__ACTIVITY__
Below are some records; reproduce every one of them exactly.

Start of RECORDED INFORMATION

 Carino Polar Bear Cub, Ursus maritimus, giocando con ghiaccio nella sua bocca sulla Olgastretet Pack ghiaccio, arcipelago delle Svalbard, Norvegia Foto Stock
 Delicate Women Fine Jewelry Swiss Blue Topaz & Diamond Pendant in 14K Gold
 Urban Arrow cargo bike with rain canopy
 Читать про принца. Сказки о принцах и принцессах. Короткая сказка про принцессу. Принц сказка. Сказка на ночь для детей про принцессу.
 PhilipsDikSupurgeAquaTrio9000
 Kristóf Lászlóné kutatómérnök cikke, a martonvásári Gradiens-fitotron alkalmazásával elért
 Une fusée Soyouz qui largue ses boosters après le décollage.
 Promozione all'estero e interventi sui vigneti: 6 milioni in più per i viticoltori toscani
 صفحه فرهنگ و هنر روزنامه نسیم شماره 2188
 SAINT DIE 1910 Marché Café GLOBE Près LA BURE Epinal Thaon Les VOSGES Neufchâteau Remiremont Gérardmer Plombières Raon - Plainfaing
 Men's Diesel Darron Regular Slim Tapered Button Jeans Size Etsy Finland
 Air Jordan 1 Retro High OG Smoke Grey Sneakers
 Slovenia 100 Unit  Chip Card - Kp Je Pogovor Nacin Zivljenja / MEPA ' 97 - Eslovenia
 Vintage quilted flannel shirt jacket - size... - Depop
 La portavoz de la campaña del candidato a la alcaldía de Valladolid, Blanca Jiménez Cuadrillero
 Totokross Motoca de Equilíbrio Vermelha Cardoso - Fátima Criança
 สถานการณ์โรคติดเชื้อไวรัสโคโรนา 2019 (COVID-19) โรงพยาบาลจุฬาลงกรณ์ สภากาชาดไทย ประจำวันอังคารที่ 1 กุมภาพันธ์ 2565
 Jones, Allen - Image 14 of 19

End of RECORDED INFORMATION

__SOLUTION TO THIS EXERCISE__
 Carino Polar Bear Cub, Ursus maritimus, giocando con ghiaccio nella sua bocca sulla Olgastretet Pack ghiaccio, arcipelago delle Svalbard, Norvegia Foto Stock
 Delicate Women Fine Jewelry Swiss Blue Topaz & Diamond Pendant in 14K Gold
 Urban Arrow cargo bike with rain canopy
 Читать про принца. Сказки о принцах и принцессах. Короткая сказка про принцессу. Принц сказка. Сказка на ночь для детей про принцессу.
 PhilipsDikSupurgeAquaTrio9000
 Kristóf Lászlóné kutatómérnök cikke, a martonvásári Gradiens-fitotron alkalmazásával elért
 Une fusée Soyouz qui largue ses boosters après le décollage.
 Promozione all'estero e interventi sui vigneti: 6 milioni in più per i viticoltori toscani
 صفحه فرهنگ و هنر روزنامه نسیم شماره 2188
 SAINT DIE 1910 Marché Café GLOBE Près LA BURE Epinal Thaon Les VOSGES Neufchâteau Remiremont Gérardmer Plombières Raon - Plainfaing
 Men's Diesel Darron Regular Slim Tapered Button Jeans Size Etsy Finland
 Air Jordan 1 Retro High OG Smoke Grey Sneakers
 Slovenia 100 Unit  Chip Card - Kp Je Pogovor Nacin Zivljenja / MEPA ' 97 - Eslovenia
 Vintage quilted flannel shirt jacket - size... - Depop
 La portavoz de la campaña del candidato a la alcaldía de Valladolid, Blanca Jiménez Cuadrillero
 Totokross Motoca de Equilíbrio Vermelha Cardoso - Fátima Criança
 สถานการณ์โรคติดเชื้อไวรัสโคโรนา 2019 (COVID-19) โรงพยาบาลจุฬาลงกรณ์ สภากาชาดไทย ประจำวันอังคารที่ 1 กุมภาพันธ์ 2565
 Jones, Allen - Image 14 of 19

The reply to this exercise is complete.